The first approach, Laplace's approximation, is the simplest form of approximation for intractable Bayesian posteriors. However, its accuracy relies on the estimation of the posterior covariance matrix. I study the visualization of the misfit landscape in low-dimensional subspace and the low-rank approximations of the covariance for full waveform inversion (FWI). I demonstrate that a non-optimal Hessian's eigenvalues truncation for the low-rank approximation will affect the approximation accuracy of the standard deviation, leading to a biased statistical conclusion. Furthermore, I also demonstrate the propagation of uncertainties within the Bayesian physics-informed neural networks for hypocenter localization applications through this approach.
For the MCMC approach, I develop approximate Langevin MCMC algorithms that provide fast sampling at efficient computational costs for large-scale Bayesian FWI; however, this inflates the variance due to asymptotic bias. To account for this asymptotic bias and assess their sample quality, I introduce the kernelized Stein discrepancy (KSD) as a diagnostic tool. When larger computational resources are available, exact MCMC algorithms (i.e., with a Metropolis-Hastings criterion) should be favored for an accurate posterior distribution statistical analysis.

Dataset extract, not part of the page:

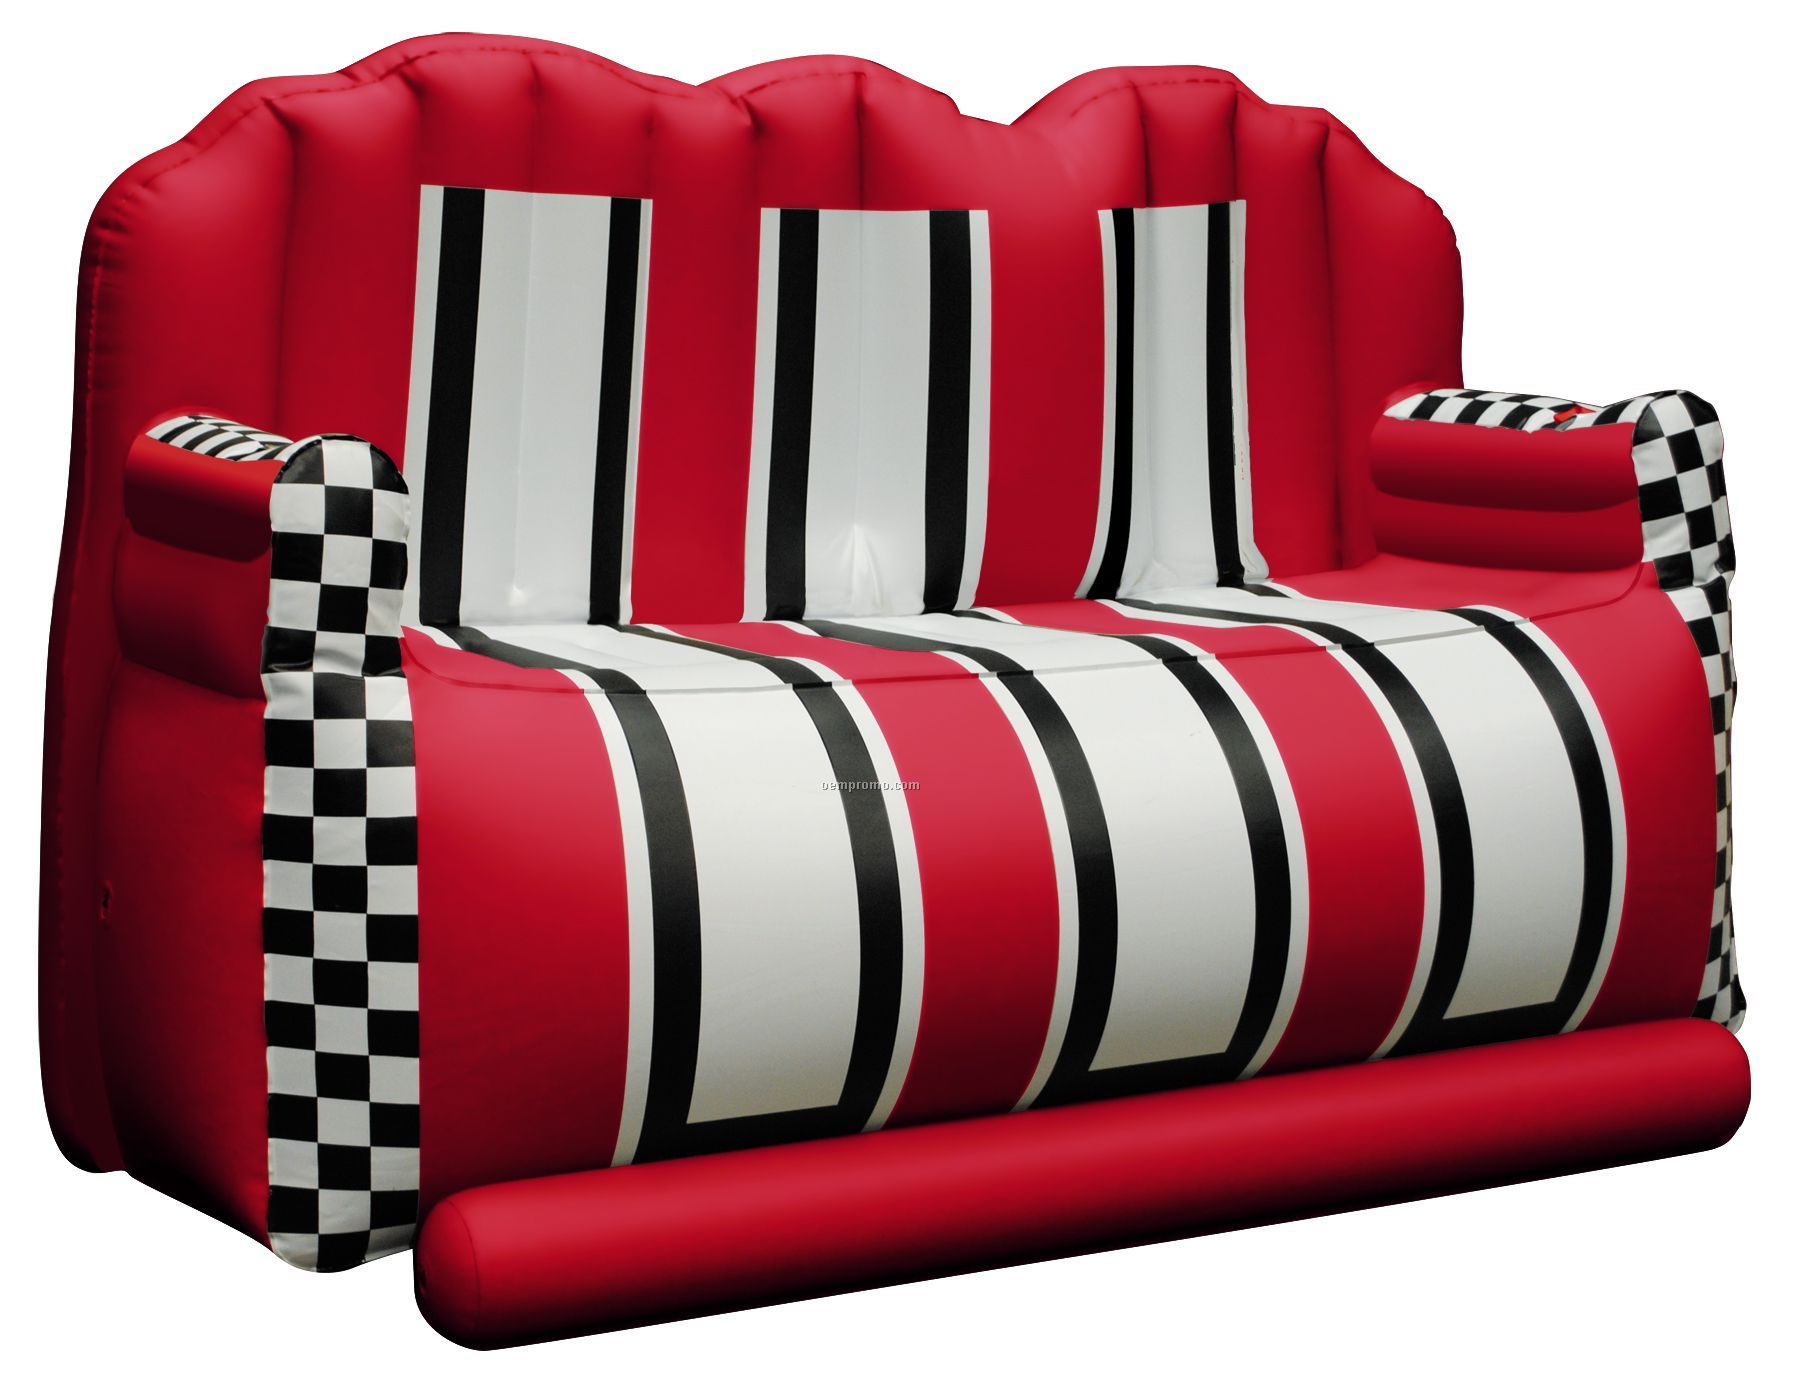 Inflate-a-seat "Couch": Red/White/Black With Checkered Arms

For the variational Bayesian inference, I propose a regularized variational inference framework that performs posterior inference by implicitly regularizing the Kullback-Leibler divergence loss with a deep denoiser through a Plug-and-Play method. I also developed Plug-and-Play Stein Variational Gradient Descent (PnP-SVGD), a novel algorithm to sample the regularized posterior distribution. The PnP-SVGD demonstrates its ability to produce high-resolution, trustworthy samples representative of the subsurface structures for a post-stack seismic inversion application.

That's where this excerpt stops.